■ WHAT TO WORK ON ■
Please reproduce all of the data below exactly, leaving each picture out.
[DATASET EXCERPT Boundary: Start]
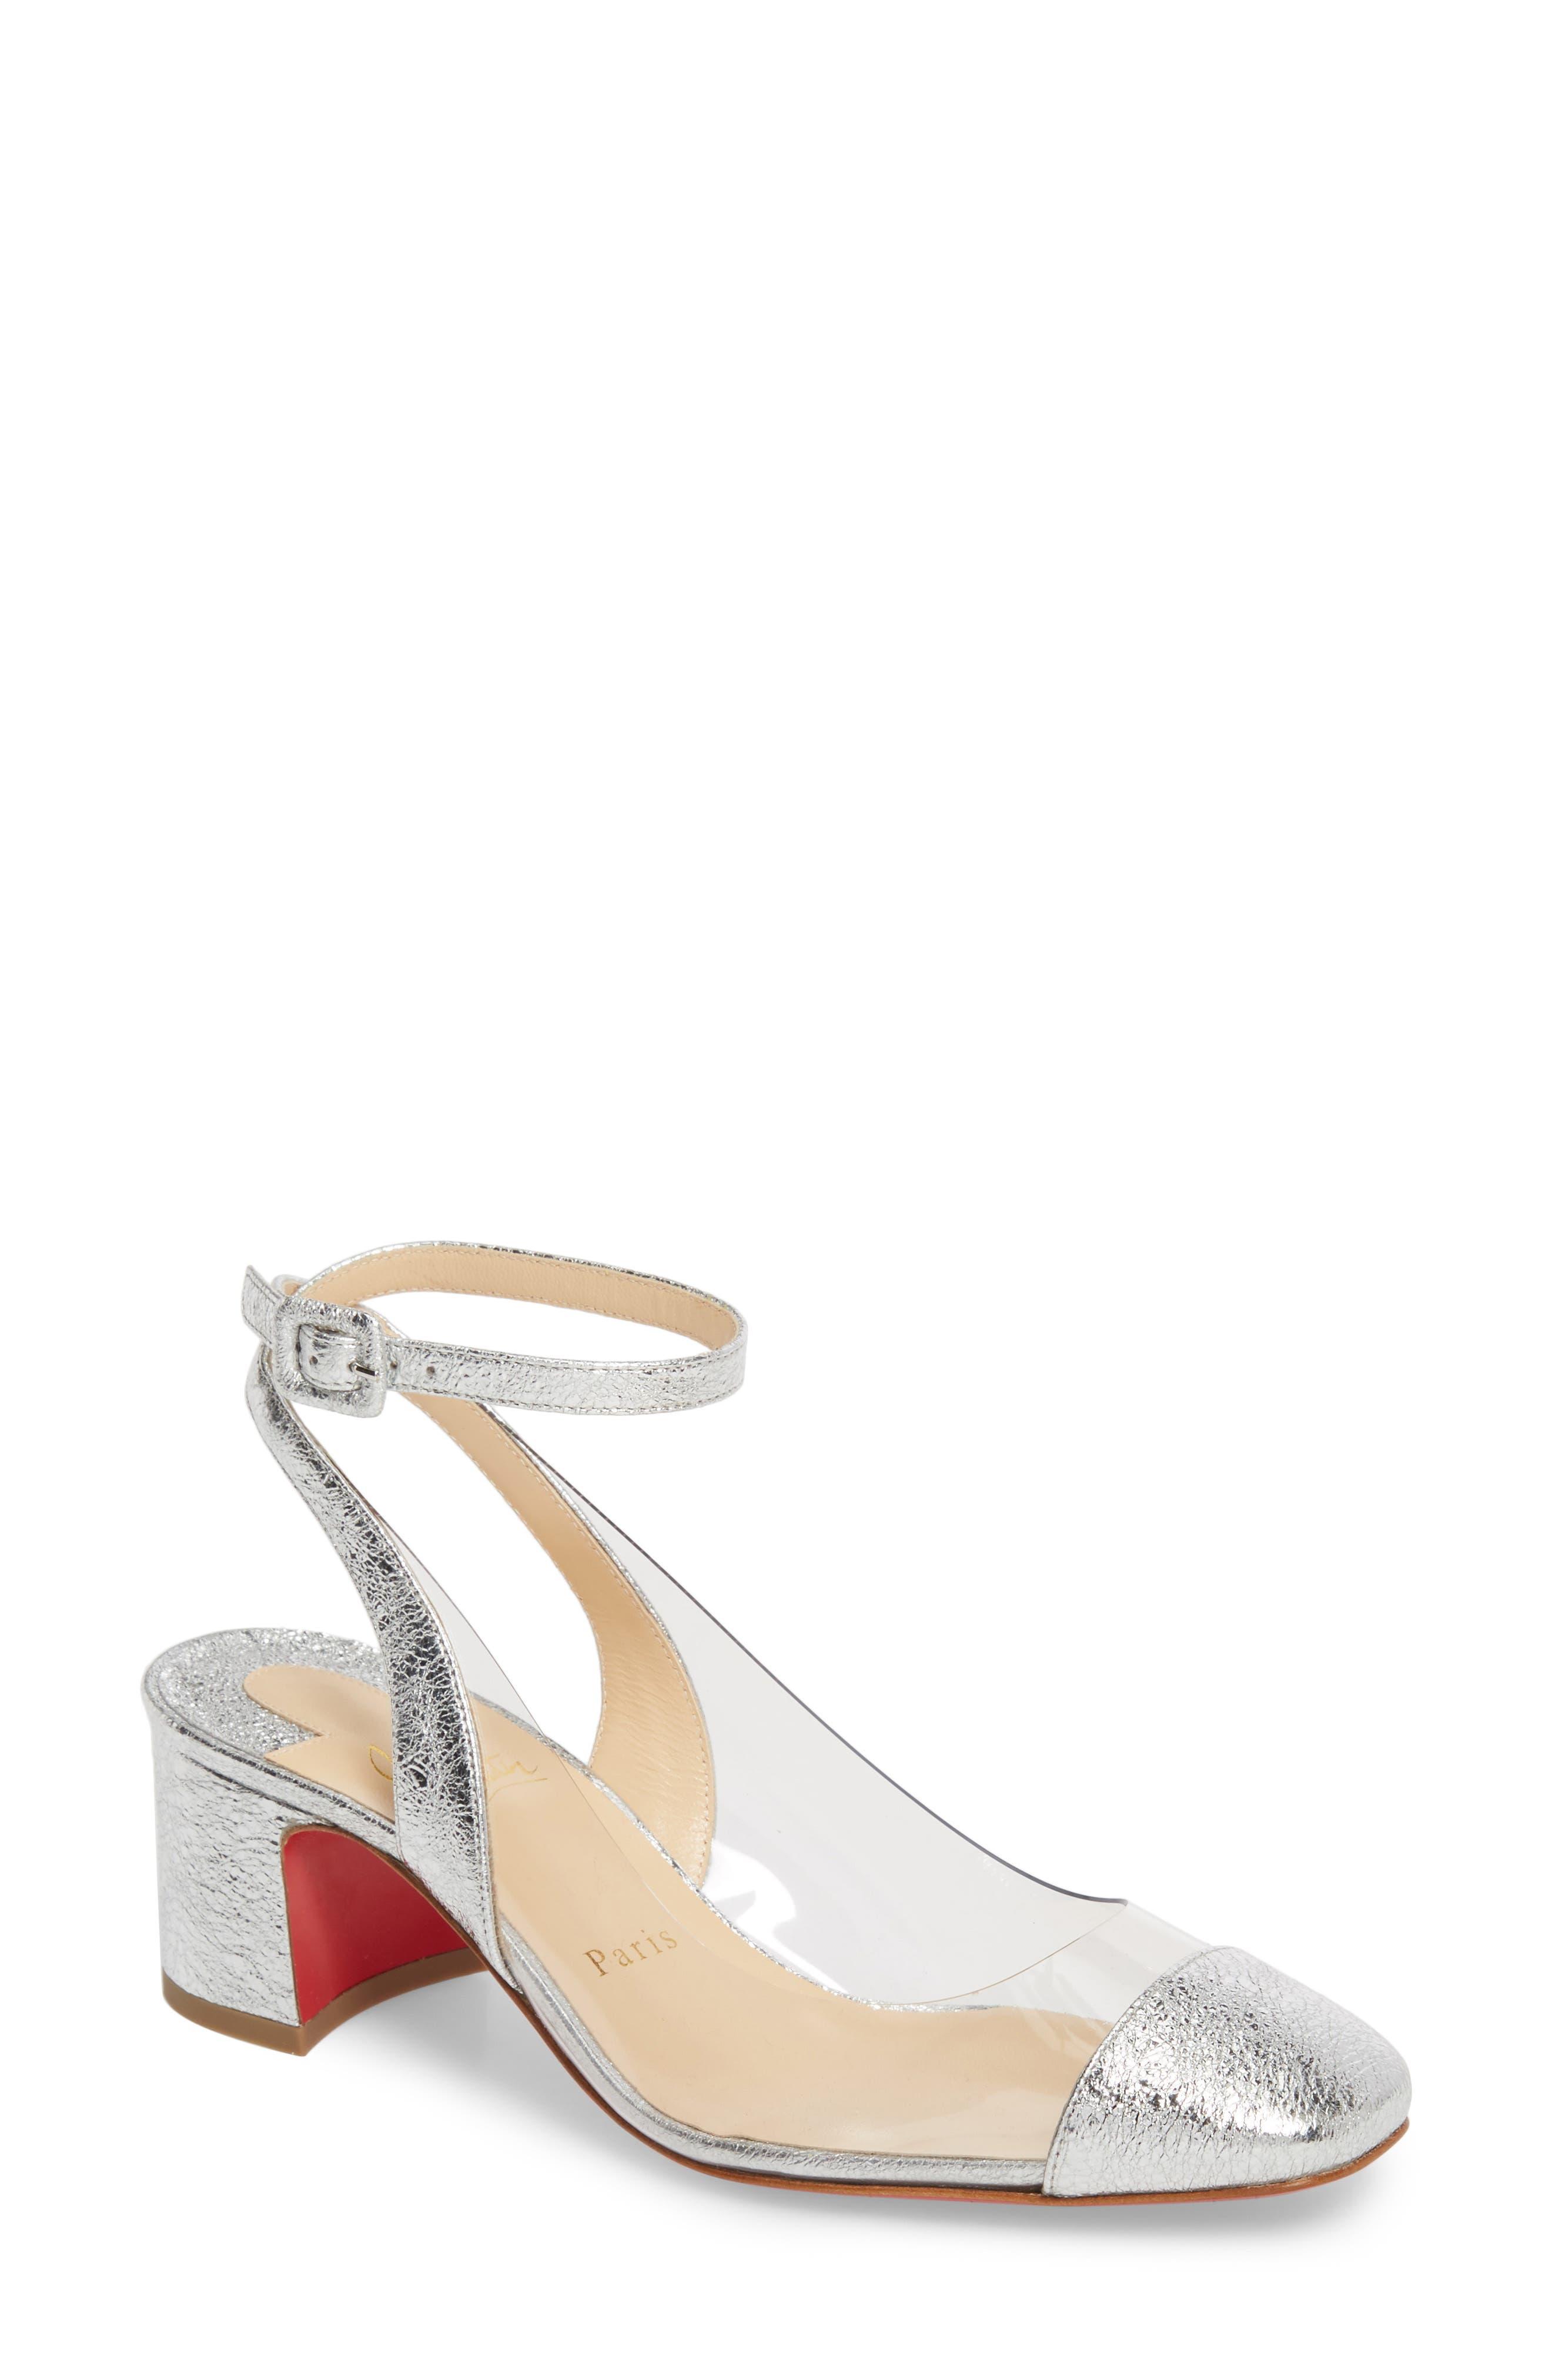 2b29e8cc4a9 Christian Louboutin Women s Block Shoes
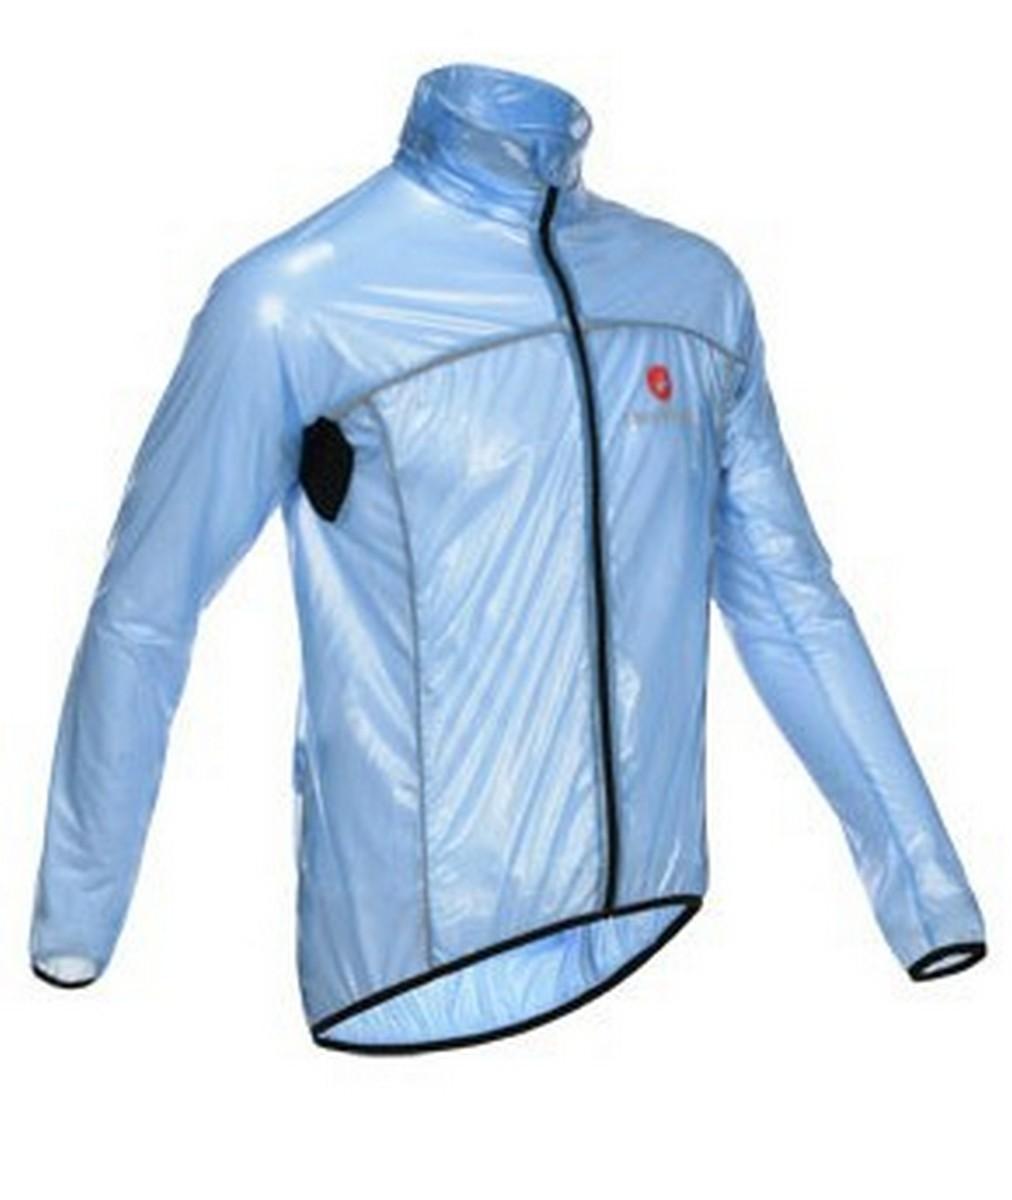 Куртка от дождя своими руками
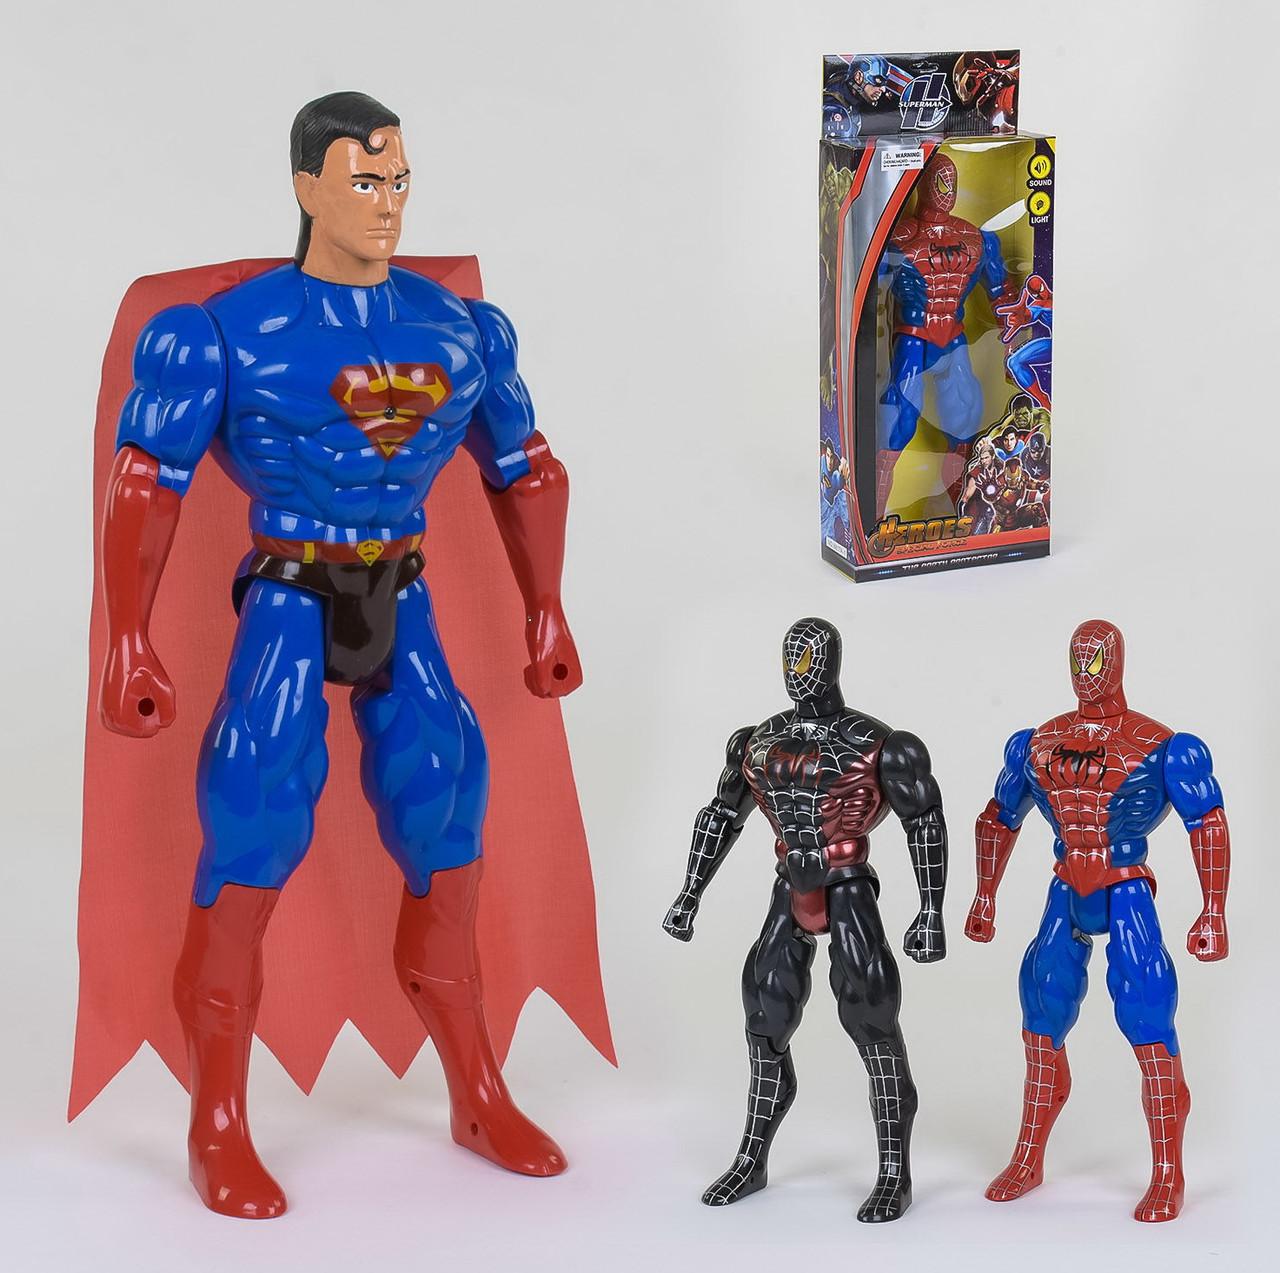 Фигурка супер - героя человек Marvel SuperMan
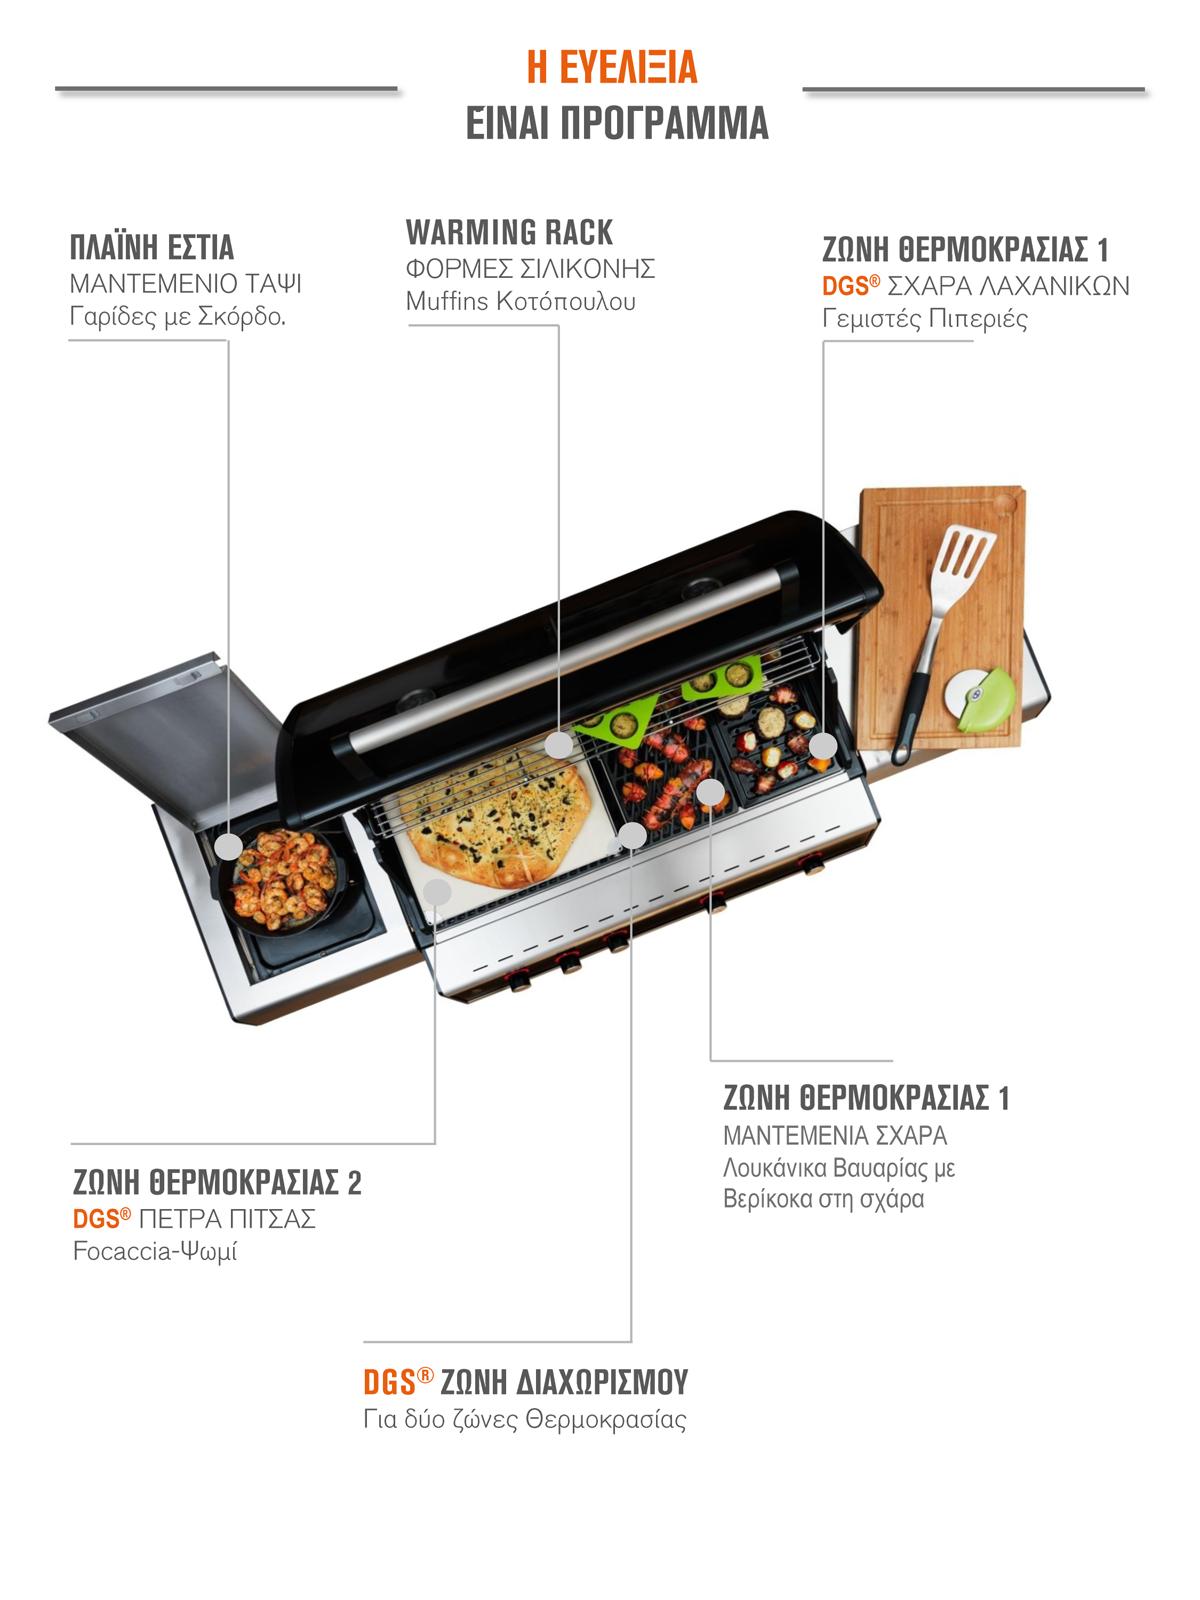 To Dual Gourmet System εγγυάται ομοιόμορφη κατανομή της θερμότητας σε όλο το θάλαμο της ψησταριάς.
[DATASET EXCERPT Boundary: End]
■ ANSWER SECTION ■
 2b29e8cc4a9 Christian Louboutin Women s Block Shoes
 Куртка от дождя своими руками
 Фигурка супер - героя человек Marvel SuperMan
 To Dual Gourmet System εγγυάται ομοιόμορφη κατανομή της θερμότητας σε όλο το θάλαμο της ψησταριάς.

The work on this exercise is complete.